MySQL----Leetcode刷题记录

  1. 第2高

    Leetcode 176题 第二高的薪水
    获取 Employee 表中第二高的薪水(Salary)如果不存在第二高的薪水,那么查询应返回 null

    select IFNULL((
        select distinct Salary 
        from Employee
        order by Salary DESC 
        limit 1,1
        ),NULL)
        as SecondHighestSalary;
    

    涉及到查询类似于 '第几高' 之类的题目,需要注意
    ① 第一想到order by col_name [DESC] 然后 limit offset, row_count 注:limit两参数只能为非负数值常量
    ② 要去重 distinct ,避免重复值的出现影响结果
    ③ select 字段应附加一个嵌套子查询,内层查询结果为为空时,将 Null 附给 SecondHighestSalary 使得其返回值为 Null而不是 空 或报错,当然再嵌套一个IFNULL(Exp_1,NULL) 更易理解(时间更短?)
    ④ 注意 ISNULL 与IFNULL函数的使用。

  2. Leetcode 177题 返回第N高的薪水

    解1:使用变量为中介

    CREATE FUNCTION getNthHighestSalary(N INT) RETURNS INT
    BEGIN
        set N:=N-1;#也可以书写为set N=N-1;
        RETURN (
          # Write your MySQL query statement below.
          select ifnull(
            (select distinct salary from employee order by salary Desc limit N,1),
             null) 
          );
    END
    #使用局部变量,会话变量报错     ???
    

    解2:利用窗口函数

    CREATE FUNCTION getNthHighestSalary(N INT) RETURNS INT
    BEGIN
        RETURN (
          select distinct salary 
          from (
              select id,salary , dense_rank() over w as d_r 
              from employee
              window w as (order by salary DESC) 
              ) AS tab_w
          where d_r=N 
          );
    END 
    /*
    window w_name as ([partition_defintion]  [order_definition]  [frame_definition])
    win_fun() over([partition_defintion]  [order_definition]  [frame_definition] 
    三个参数的介绍详见12.21.2 P2144 及12.21.3介绍 */
    

    MySQL8.0之后开始支持窗口函数 详见手册12.21节 也可参考CSDN博客

    常见的窗口函数有:
    ① 排序函数 rank() , dense_rank() , row_number() ;
    ② 分布函数 cume_dist() ,percent_rank()
    ③ 前后函数 lag(expr,n) ,lead( expr,n ) :取当前行的前/后第n行的数据,不是前/后 n行的所有数据,即是单个值不是n个值。
    ④ 头尾函数first_value(expr) , last_value(expr)
    ⑤ 定位函数 nth_value(expr,n),分级函数ntile(n); 其中n不能为空。
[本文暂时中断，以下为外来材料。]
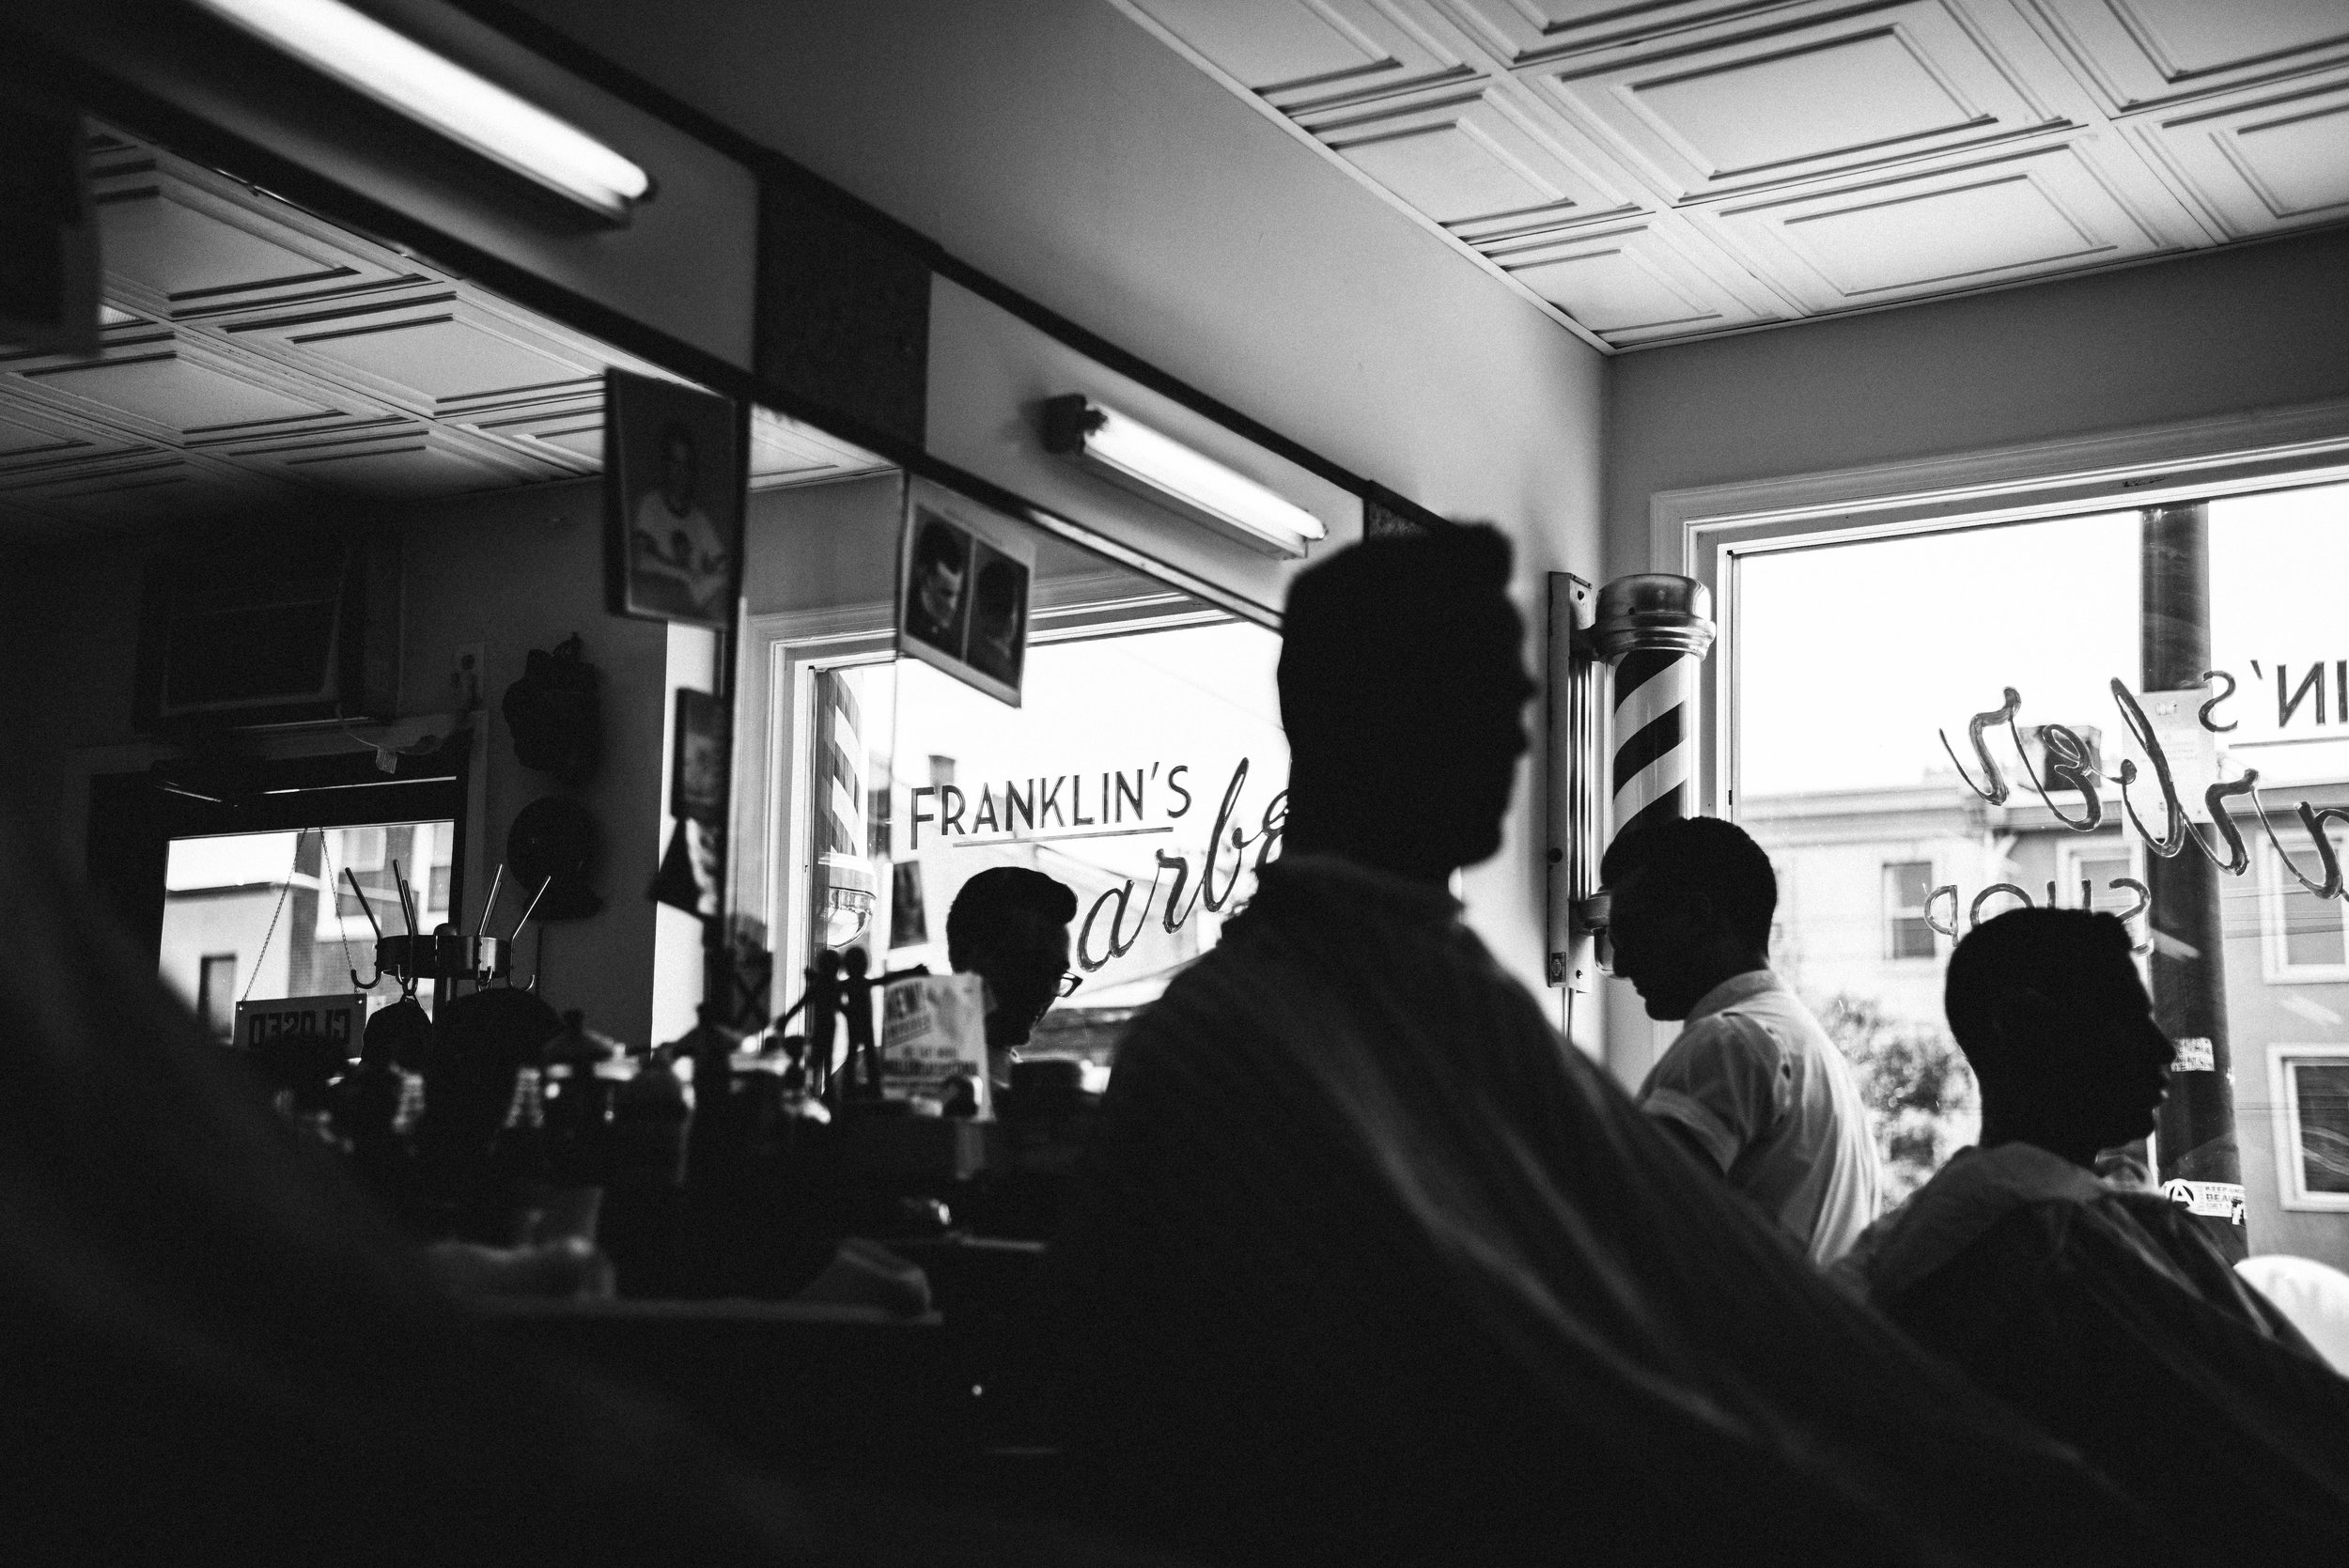 fishtown-northern-liberties-philadelphia-traditional-barber-shop-shaves.jpg

  3. 返回各部门工资前三高的员工的:部门名,姓名,薪资

    解1:使用开窗函数

    Select d.Name AS 'Department', e.Name AS 'Employee', e.Salary
    From Employee e
    Join Department d On e.DepartmentId = d.Id
    Join (select Id,Dense_Rank() over(Partition By DepartmentId Order By Salary DESC) as s_r From Employee) As tab_r On tab_r.Id = e.Id
    Where tab_r.s_r <= 3
    Order By Department,Salary DESC;
    

    解2:where子句虚拟连接表,搭配聚合函数count

    Select d.Name AS 'Department', e1.Name AS 'Employee', e1.Salary
    From Employee e1
    Join Department d On e1.DepartmentId = d.Id
    Where 3 > (Select count(Distinct e2.salary) 
               From Employee e2 
               Where e1.salary < e2.salary 
               And e1.DepartmentId = e2.DepartmentId)
    /*并不太理解此处每一个e1项会对应一个count值(由于两表是虚拟连接,且连接条件是departmentid ,
    所以潜在的以departmentid分组计算count值?),而不是最终只有一个count值。
    记住这种思想*/
    Order By Department,Salary DESC;
    

    解3:相对于上述的隐式的虚拟连接并分组聚合,下面的where子句中的显式连接,group by + having count 更易理解。

    Select d.Name AS 'Department', e.Name AS 'Employee', e.Salary
    From Employee e
    Join Department d On e.DepartmentId = d.Id
    WHERE e.id in (Select e1.id
                   From Employee e1 
                   Join Employee e2 On e1.DepartmentId = e2.DepartmentId 
                                    And e1.Salary <= e2.Salary 
                   Group By e1.Id
                   Having count(Distinct e2.salary)<=3
                  ) 
    Order By Department,Salary DESC;
    #当然此解也可以讲where子查询查询出的count于前两表连接,然后where count<=3
    
  4. 关于报错:

    leetcode 196题:删除重复的邮箱

    # 1090 ms , 在所有 MySQL 提交中击败了98.79% 的用户
    delete from person 
    where Id not in (
        select min(id)  # 不加min ,此子查询结果也是1,2。整体不报错,但是操作无效,不解。
        from (select * from person) t_person
        /*此处不可以直接from person 会报错:You can't specify target table for update in FROM clause */
        group by Email )
    

    That is, if you're doing an UPDATE/INSERT/DELETE on a table, you can't reference that table in an inner query (you can however reference a field from that outer table...)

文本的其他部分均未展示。